The doctors argue that if any person above 40 years of age doesn’t feel well after taking food or his stomach is upset, s/he needs to see a doctor.
“If anyone is having blood loss without any symptoms, s/he needs medical help,” Dr. Iqbal said. “Or if a person feels dizzy or has weakness and bloating after taking meals, s/he needs consultation.”
The doctor warned that taking antacid tablets to get timely gastric relief is a big problem.
“Self-medication should be avoided,” he said. “People should take more fruits and fiber rich vegetables and change the lifestyle that invites trouble.”
But despite diagnosing the critical disease at an early stage with the help of the latest technology, the doctors say the patient often arrives late for checkup — thus making stomach cancer a high-mortality rate disease in the valley.

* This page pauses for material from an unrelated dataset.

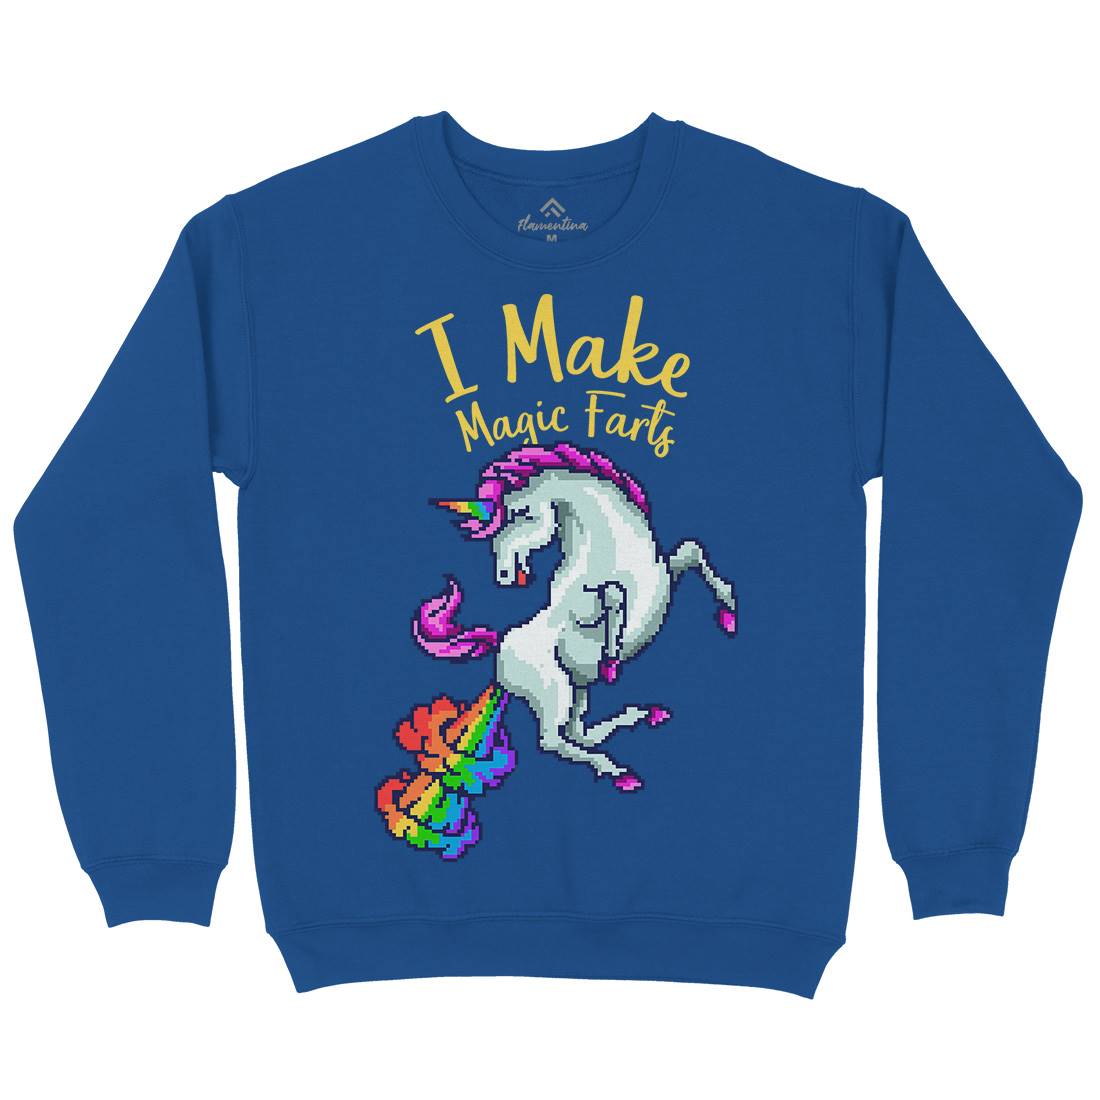 I Make Magic Farts Kids Crew Neck Sweatshirt Retro B915

“This cancer is almost curable if we detect it at the early stage,” Dr. Rajandeep Singh, Consultant General Surgery, SMHS, told Kashmir Observer.
“But unfortunately, we receive the patients at the last stage of cancer. The patient generally ignores the symptoms.”

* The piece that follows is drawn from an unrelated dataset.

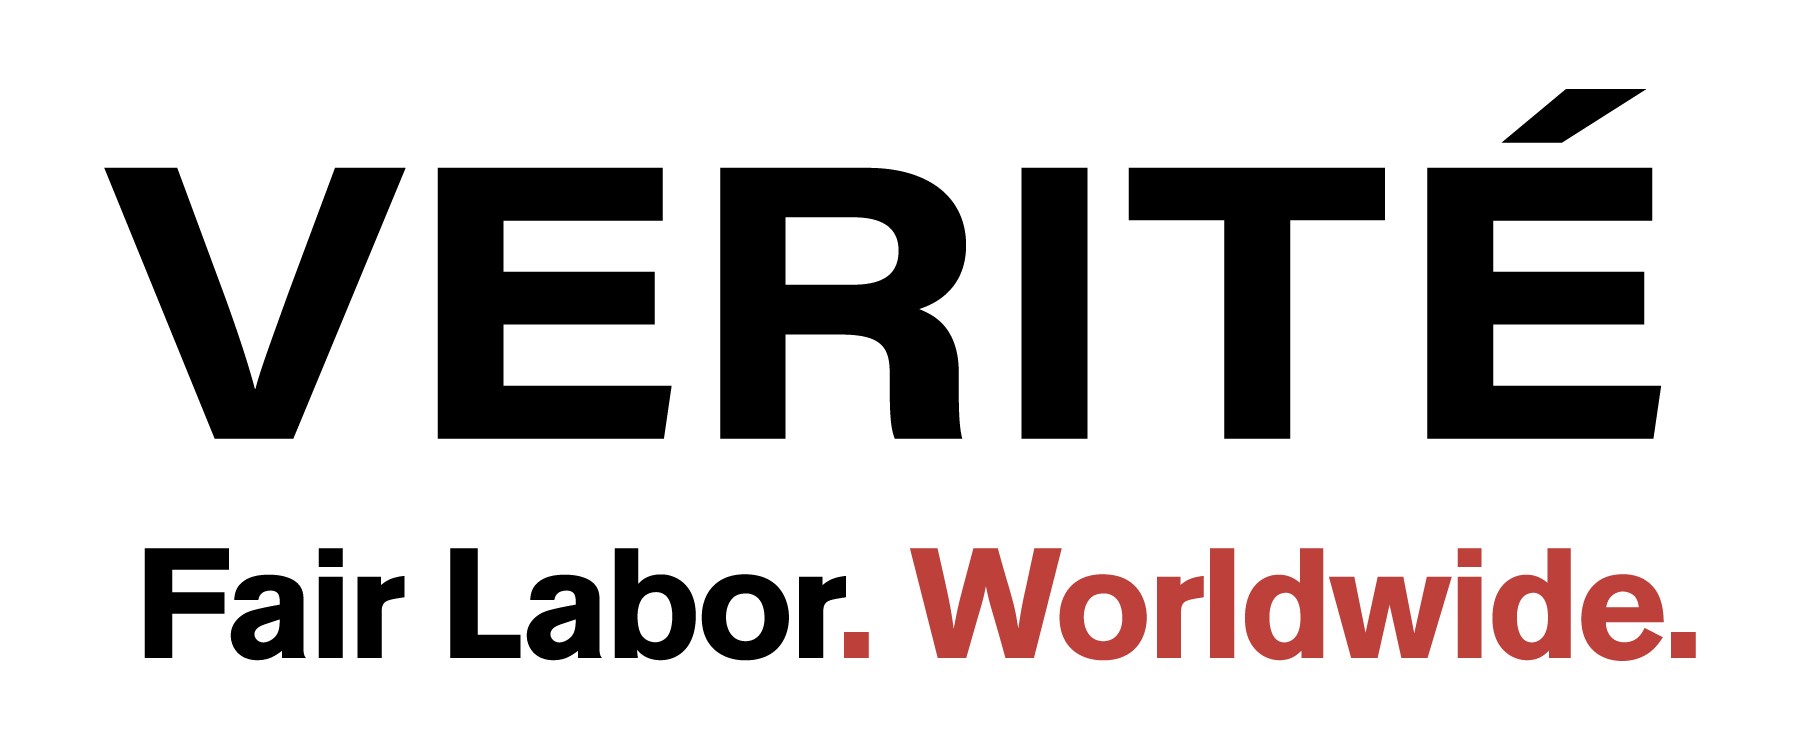 Verité: Fair Labor. Worldwide

The only way to deal with the disease, he said, is to take stomach related issues seriously and see a doctor.
More Cases from South Kashmir
Notably, from 2018 to 2021, the SMHS hospital conducted over 40 Gastrectomy surgeries and most of them were performed on the patients from Kulgam and Pulwama.
The increased caseload from the twin south Kashmir districts has to do with the “land rich in nitrates and increased intake of salt rich food by natives there,” Dr. Arshad Rashid, Consultant Surgeon, GMC, Srinagar, told Kashmir Observer.
Treatment at Doorsteps
With the advent of latest technology, healthcare specialists in Kashmir say that patients don’t need to travel outside for treatment.
“We’re able to perform any kind of surgery related to stomach in the government hospitals especially in SMHS hospital,” Dr. Iqbal, leading laparoscopic surgeon of the valley, said.
“We’ve a dedicated department for gastroenterology where all kinds of tests and surgeries, including Laparoscopic Gastrectomy, Laparoscopic Common Bile Duct Exploration and TransAnal Minimally Invasive Surgery for Rectal Lesions are being performed.”
Back in early 2000, he said, a stomach cancer patient had to face a lot of difficulties because of the poor facilities. The doctors would mostly do the surgery in the initial stage just to diagnose the disease.
“With the result,” Dr. Iqbal said, “the patients would die within two or three months. But now, the investigative facilities have changed the course of the disease.”
Today, he continued, the doctors decide the growth of cancer within no time with the help of Laparoscopic surgery and put the patient on the treatment accordingly.
“It’s such a simple and painless process that patients are able to get back to normalcy within a few days,” the surgeon said.
“So, there’s no point to waste lakhs of money for this treatment outside when you’re getting it here in Kashmir.”